### Exercise objective
The whole listing, apart from its images, should be restated word for word.

### Given material

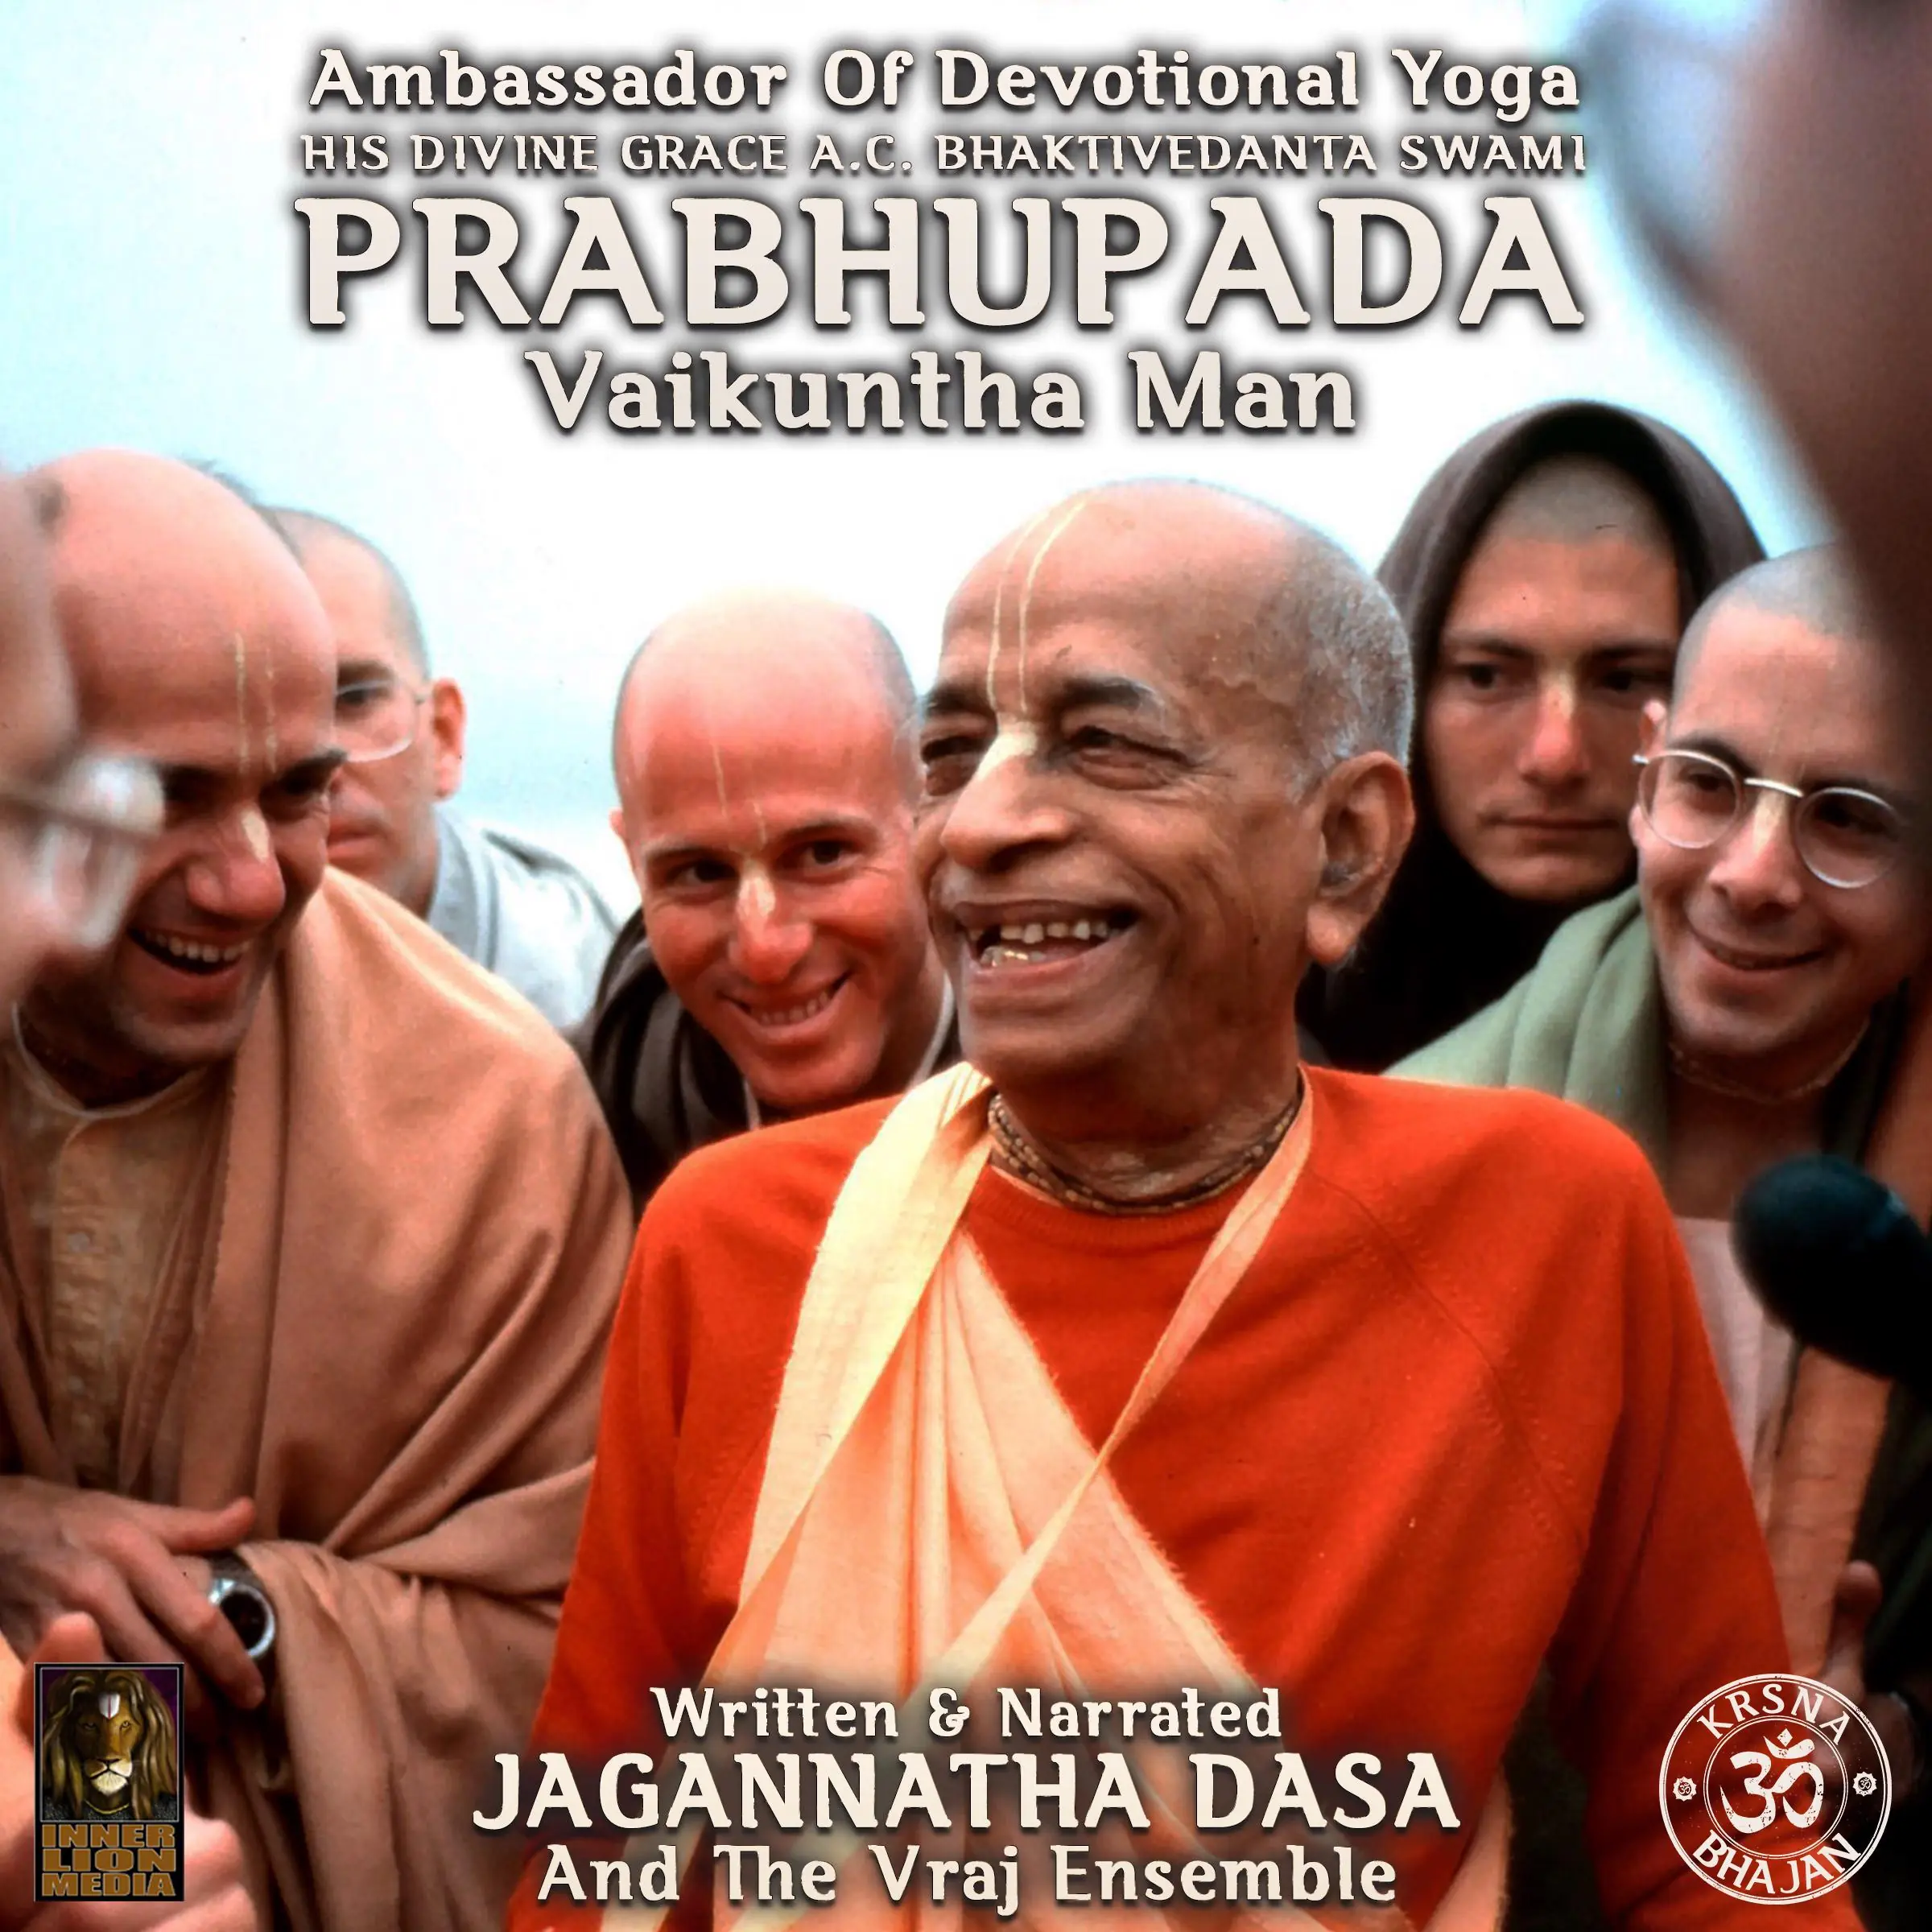 Ambassador Of Devotional Yoga His Divine Grace A.C. Bhaktivedanta Swami Prabhupada Vaikuntha Man Audiobook by Jagannatha Dasa And The Vraj Ensemble
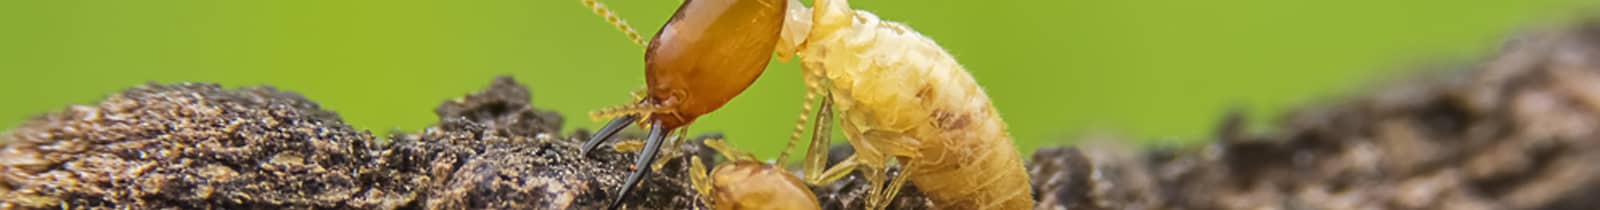 Termite exterminator pest control Boise, Idaho
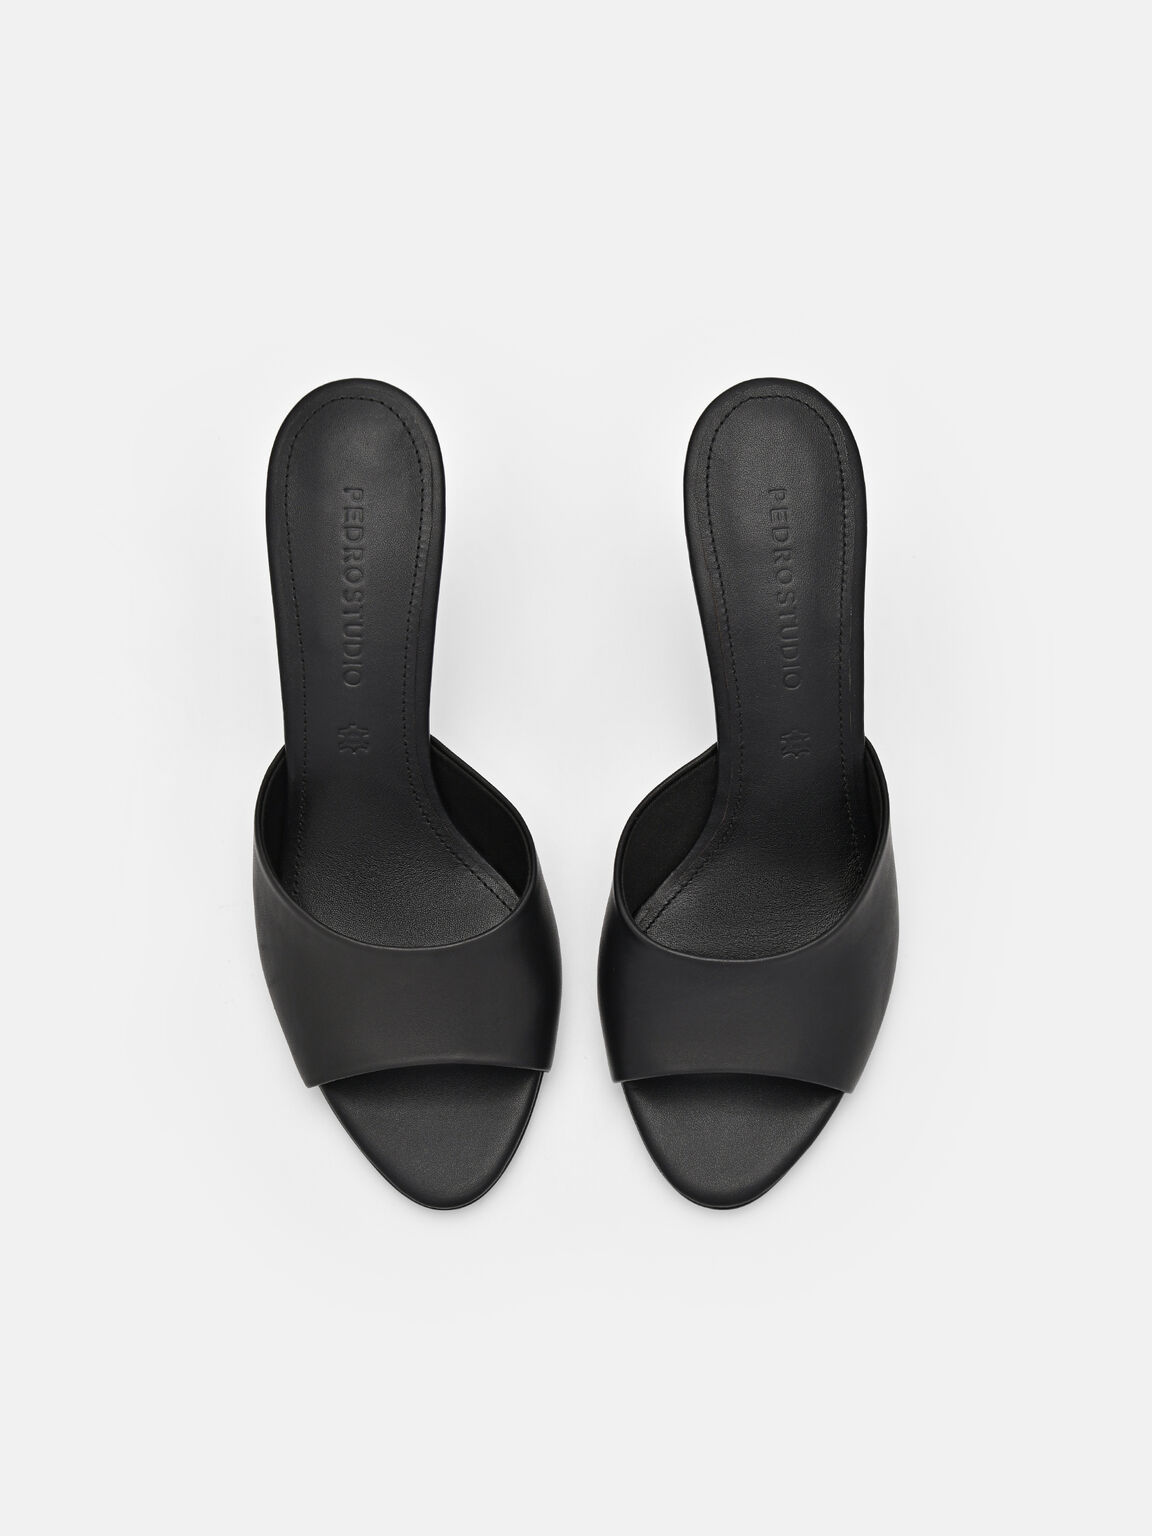 PEDRO Studio Ashley Leather Heel Sandals, Black, hi-res

### Your response
 Ambassador Of Devotional Yoga His Divine Grace A.C. Bhaktivedanta Swami Prabhupada Vaikuntha Man Audiobook by Jagannatha Dasa And The Vraj Ensemble
 Termite exterminator pest control Boise, Idaho
 PEDRO Studio Ashley Leather Heel Sandals, Black, hi-res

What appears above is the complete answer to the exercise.